We grow our business from time to time by acquiring other financial services companies, including our pending Sterling acquisition. Acquisitions in general present us with risks other than those presented by the nature of the business acquired. In particular, acquisitions may be substantially more expensive to complete (including as a result of costs incurred in connection with the integration of the acquired company) and the anticipated benefits (including anticipated cost savings and strategic gains) may be significantly harder or take longer to achieve than expected. In some cases, acquisitions involve our entry into new businesses or new geographic or other markets, and these situations also present risks resulting from our inexperience in these new areas. As a regulated financial institution, our pursuit of attractive acquisition opportunities could be negatively impacted due to regulatory delays or other regulatory issues. Regulatory and/or legal issues related to the pre-acquisition operations of an acquired business may cause reputational harm to PNC following the acquisition and integration of the acquired business into ours and may result in additional future costs arising as a result of those issues.

A DDITIONAL I NFORMATION A BOUT T HE PNC / S TERLING F INANCIAL C ORPORATION T RANSACTION

The PNC Financial Services Group, Inc. and Sterling Financial Corporation will be filing a proxy statement/prospectus and other relevant documents concerning the merger with the United States Securities and Exchange Commission (the “SEC”). WE URGE INVESTORS TO READ THE PROXY STATEMENT/PROSPECTUS AND ANY OTHER DOCUMENTS TO BE FILED WITH THE SEC IN CONNECTION WITH THE MERGER OR INCORPORATED BY REFERENCE IN THE PROXY STATEMENT/PROSPECTUS BECAUSE THEY WILL CONTAIN IMPORTANT INFORMATION.

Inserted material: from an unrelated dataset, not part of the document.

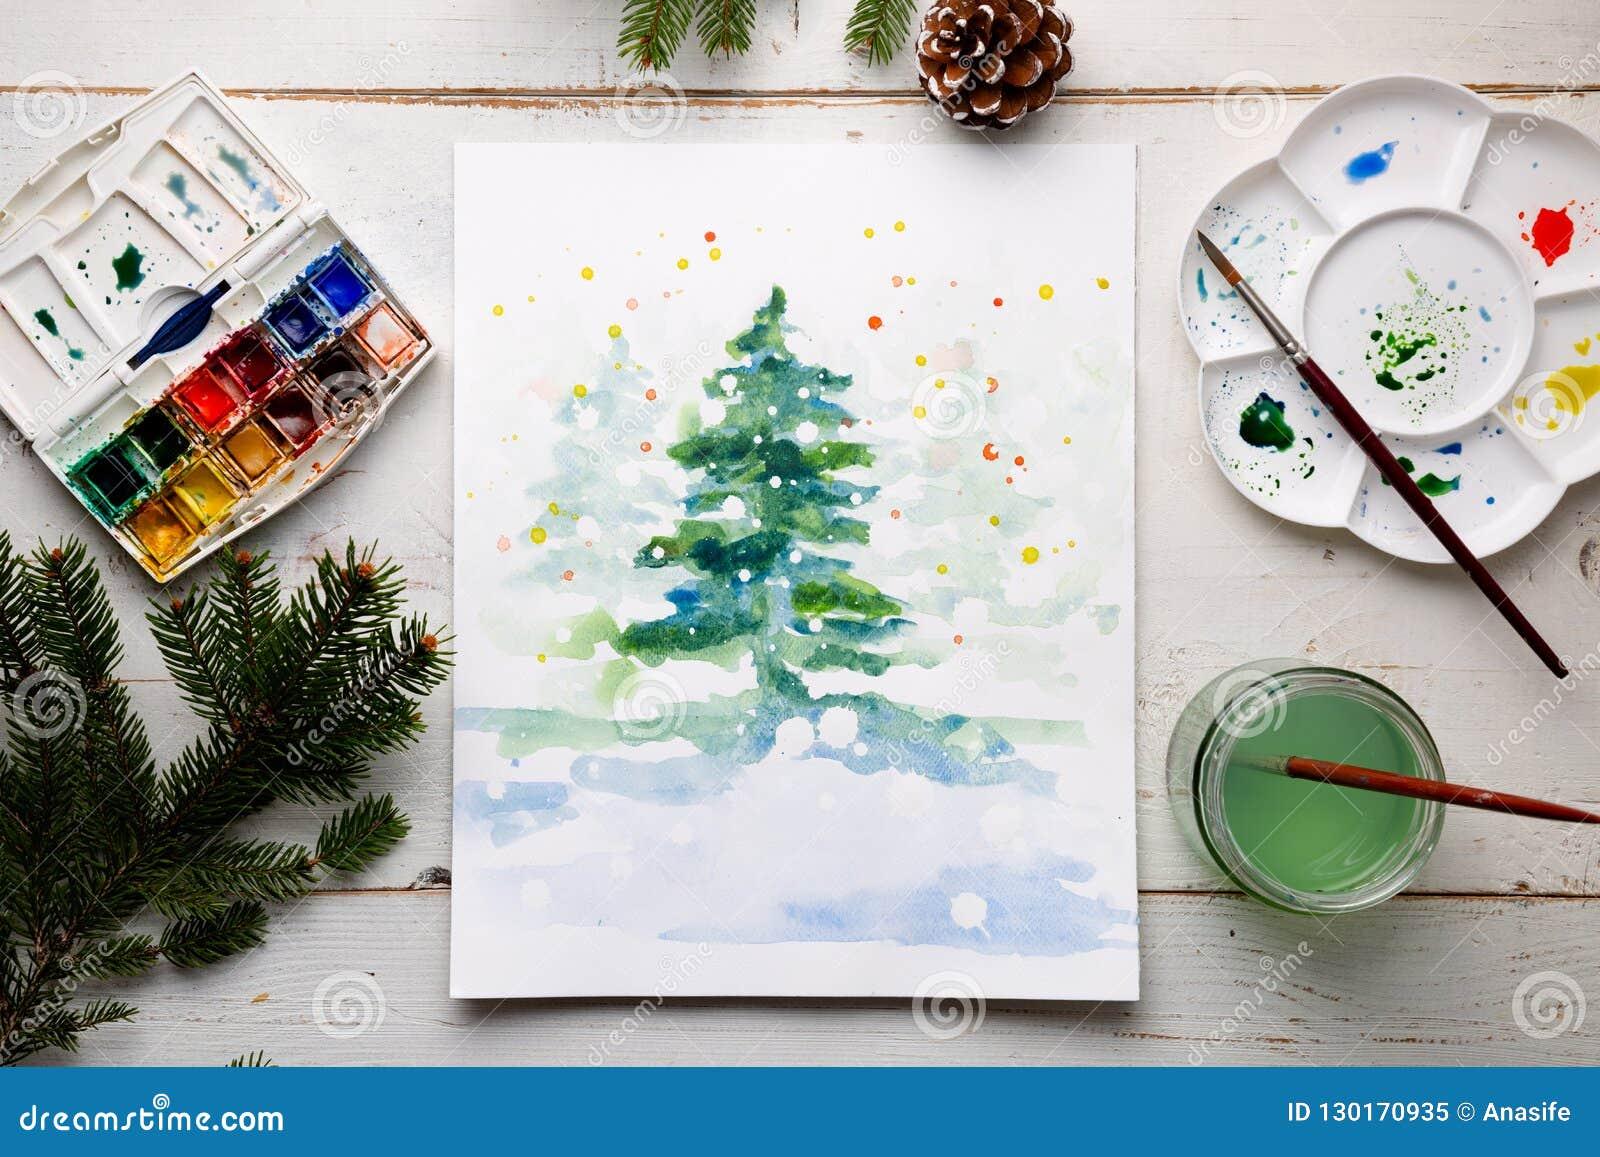 Peinture D'une Carte De Noël De DIY Avec L'aquarelle Illustration

Investors will be able to obtain these documents free of charge at the SEC’s web site at http://www.sec.gov. In addition, documents filed with the SEC by The PNC Financial Services Group, Inc. will be available free of charge from Shareholder Relations at (800) 843-2206. Documents filed with the SEC by Sterling Financial Corporation will be available free of charge from Sterling Financial Corporation by contacting Shareholder Relations at (877) 248-6420.

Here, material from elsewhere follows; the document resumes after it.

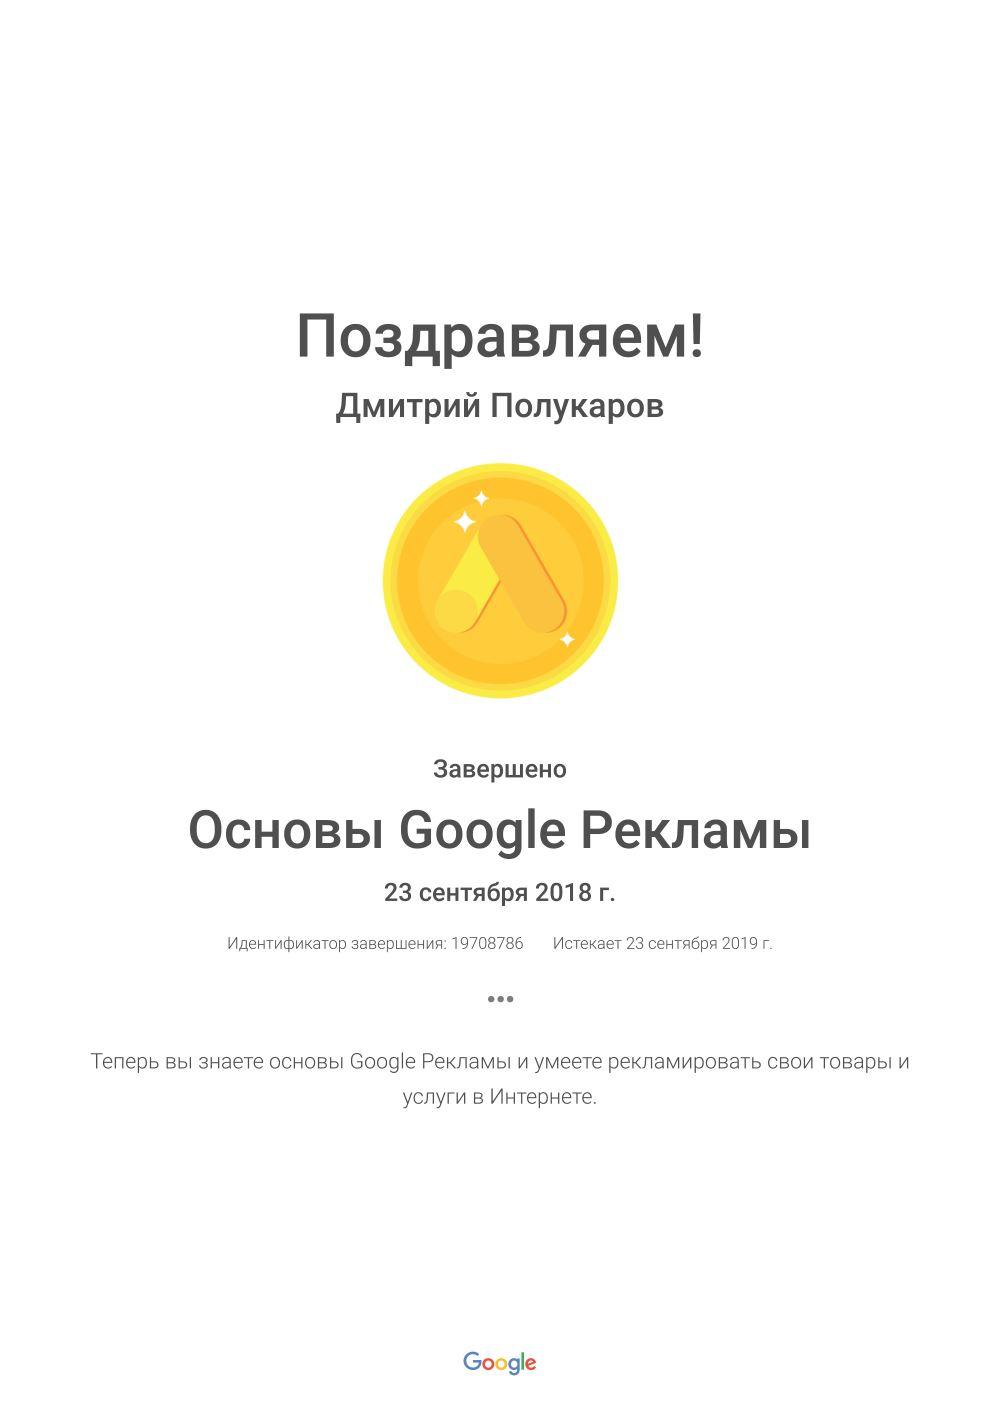 Свидетельство о прохождении курса по основам google ads

The directors, executive officers, and certain other members of management and employees of Sterling Financial Corporation are participants in the solicitation of proxies in favor of the merger from the shareholders of Sterling Financial Corporation. Information about the directors and executive officers of Sterling Financial Corporation is included in the proxy statement for its May 8, 2007 annual meeting of shareholders, which was filed with the SEC on April 2, 2007. Additional information regarding the interests of such participants will be included in the proxy statement/prospectus and the other relevant documents filed with the SEC when they become available.